Now, if you want to talk Gender, her role in Youtube is typical of women execs. THere are exceptions, but in general its men who start the companies, make them successful, and then when its a stable business and just needs to be "managed" - a women is brought in. Because it doesn't really matter too much who is in charge. Especially when its just a segment of a bigger conglomerate. Women can be good at managing things. They just aren't good at creating things. In Business/Engineering terms.

wildswan said...

I'm glad when women or blacks get a chance. Some live up to it and some join the Whimper League - DIE, BLM, etc. - and spend their time sending in nominations of Republicans and dissenting Democrats for Hitler of the Month or Fascist of the Year
Sarah Huckabee Sanders got her start in politics through her father and gained traction working for Trump. Now, as Governor of Arkansas she's raised teacher's salaries to get education going in Arkansas and she's implementing a strong school choice program. So the good teachers get a good salary but the Teacher's Union is undercut. The public schools must improve or lose students. Pretty smart, huh? Not going to happen here in Milwaukee but, of course, here we're all in with Black Lives Matter. Wherever you see that logo, BLM, you know you are going to see a high murder rate and a low graduation rate in the public schools in the black community. That's what we have. They say our mayor favors those who look like him.
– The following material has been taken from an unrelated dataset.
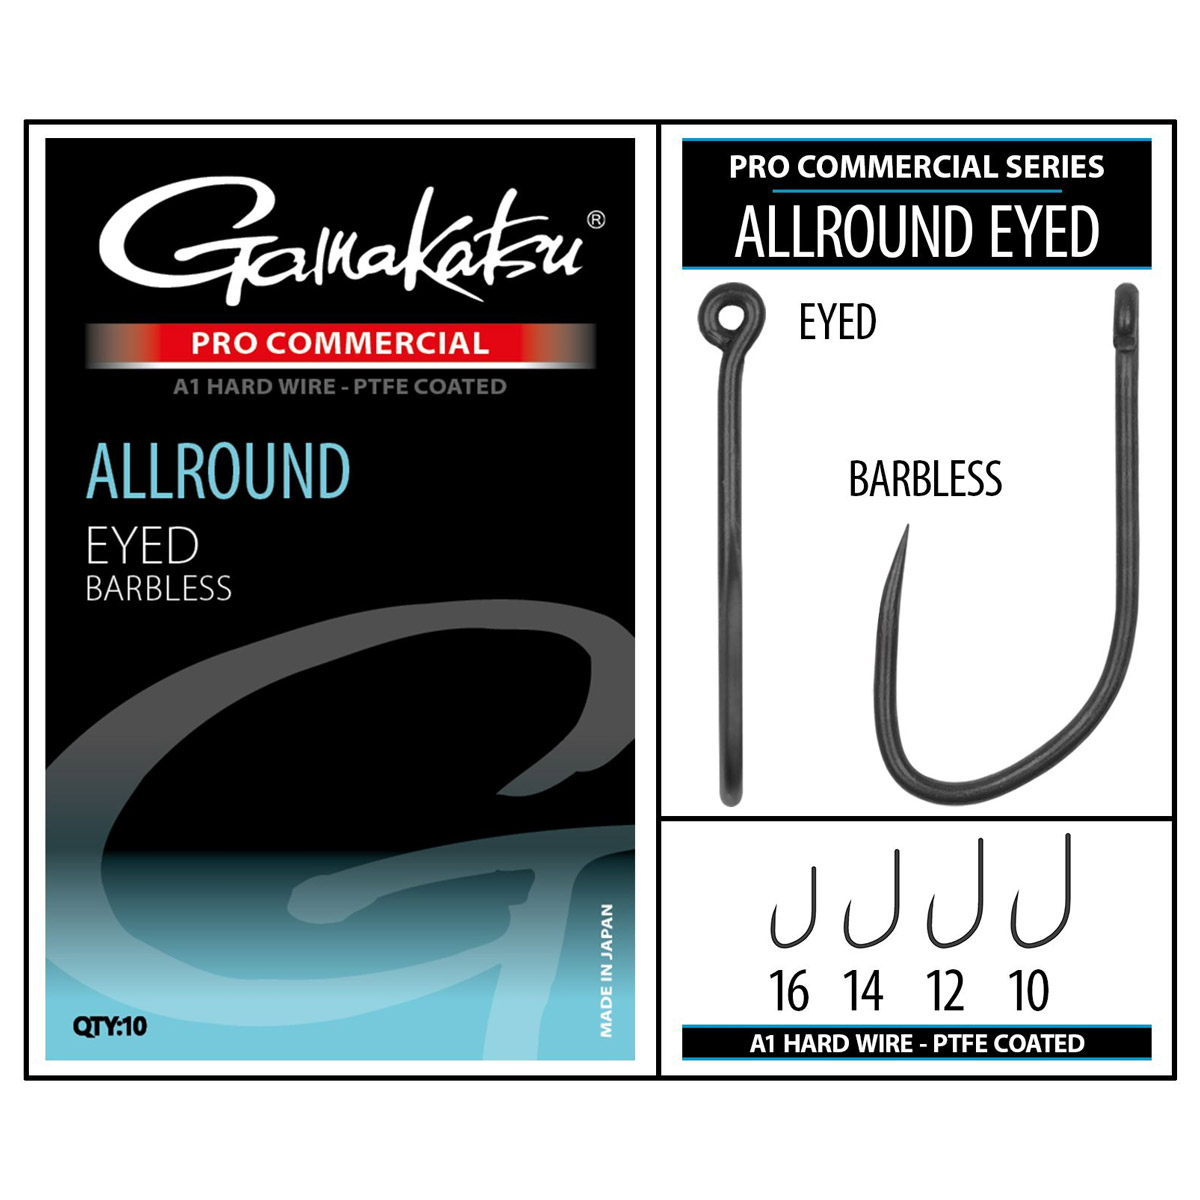 Gamakatsu Pro Commercial Allround A1 Eyed Barbless
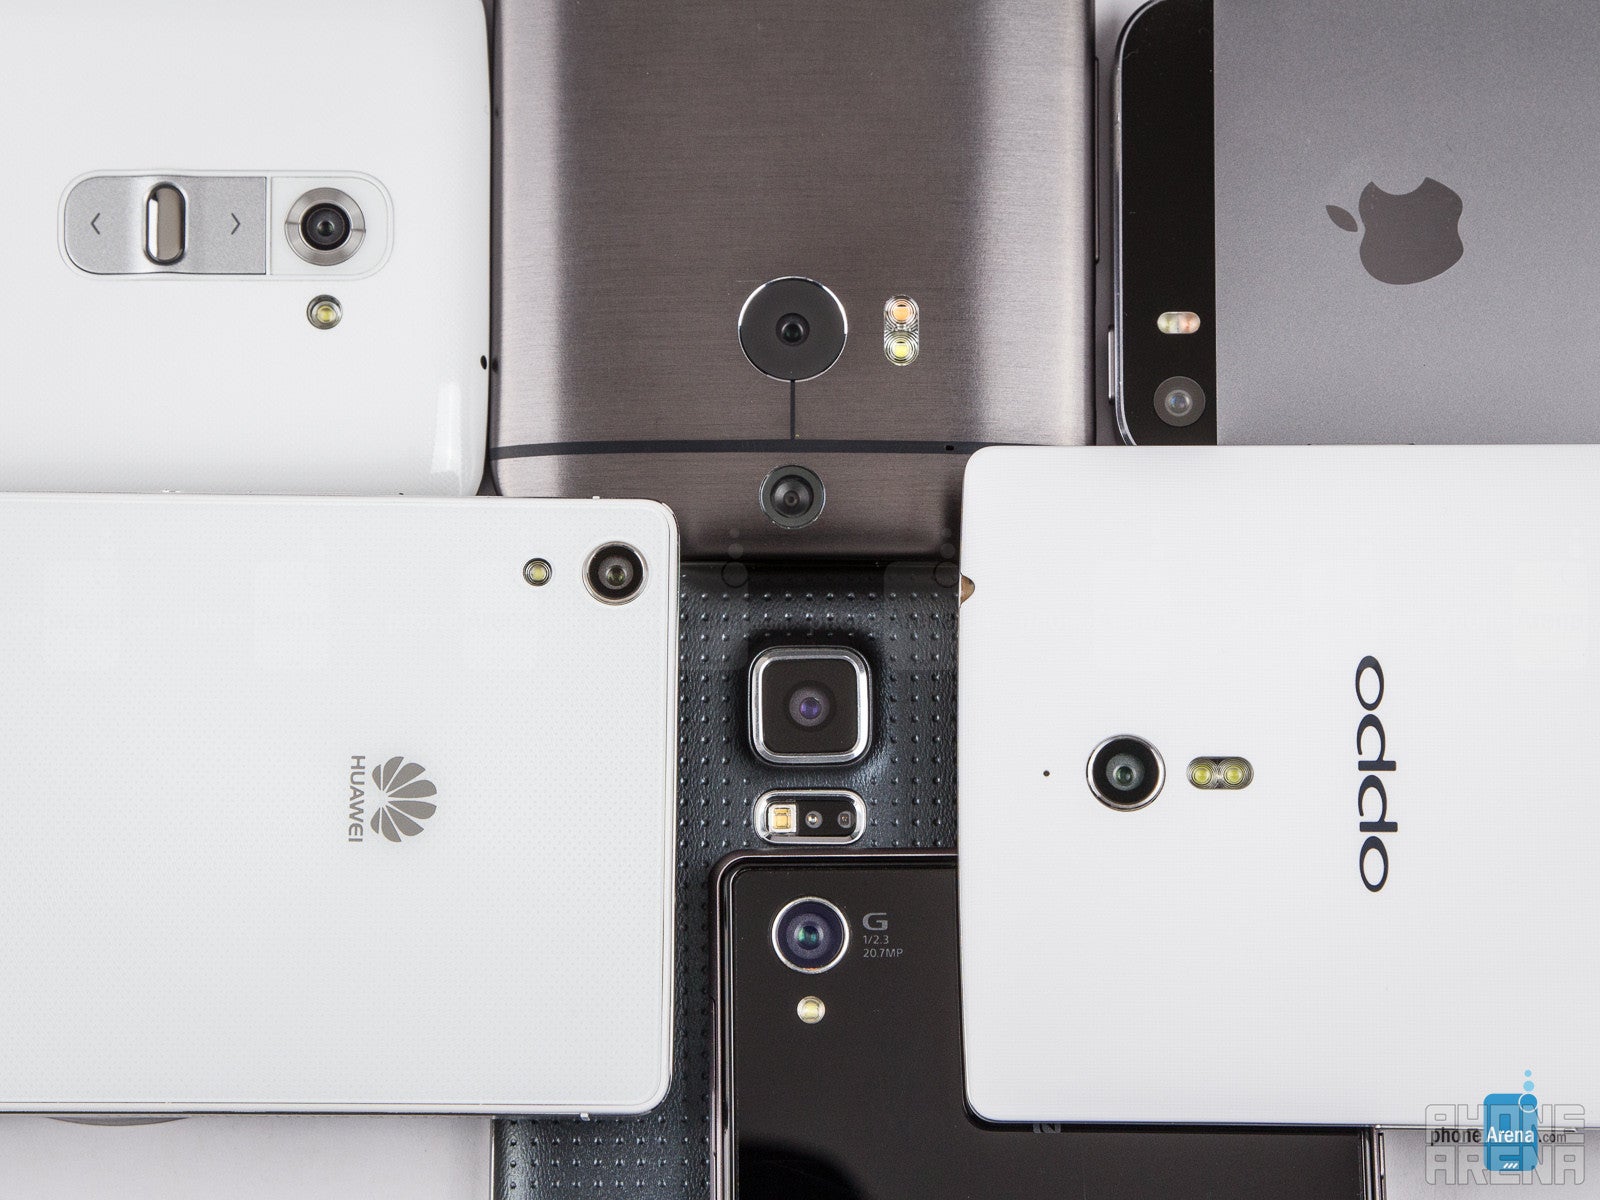 Camera comparison: Huawei Ascend P7 and Oppo Find 7a vs Samsung Galaxy S5, LG G2, iPhone 5s, HTC One (M8), Sony Xperia Z1

Hmm. What's going on is favoritism just the way the black cops in Memphis were favoring Tyre Nichols. I just have to turn my attention away. It's too sad.

Temujin said...

You cannot make women study tech. And of those who do, you cannot mandate excellence. I'm not saying women don't have the intellectual heft. I'm saying it just may not be an area of interest and all the wishing and whining cannot make it so.

People will be what they are. It's not a shame. It's not racism or sexism. It's not a devious plan. Sometimes human nature is the culprit. Challenge science. Or challenge the creator when you get the chance.

n.n said...

That is a great story of how accomplished older men were fooled by a pretty young college dropout with a fake invention.

She was the female role model sans achievement. A handmade tale conceived to signal their virtue and an object of leverage in DIEversity theology.

That said, it could have been worse. She could have been reduced to a gender, a sum of her sex-correlated attributes. As it was, the progress of a colored, self-abortive choice. Fortunately, only their capital, and not their lives or liberty were at risk.

n.n said...

You cannot make women study tech.

Neither women nor men, who are both equally and separately influenced by Her choice.

n.n said...

Fortunately, only their capital, and not their lives or liberty were at risk.

Although, the last should certainly have been a consideration, if the investigation could demonstrate criminal intent.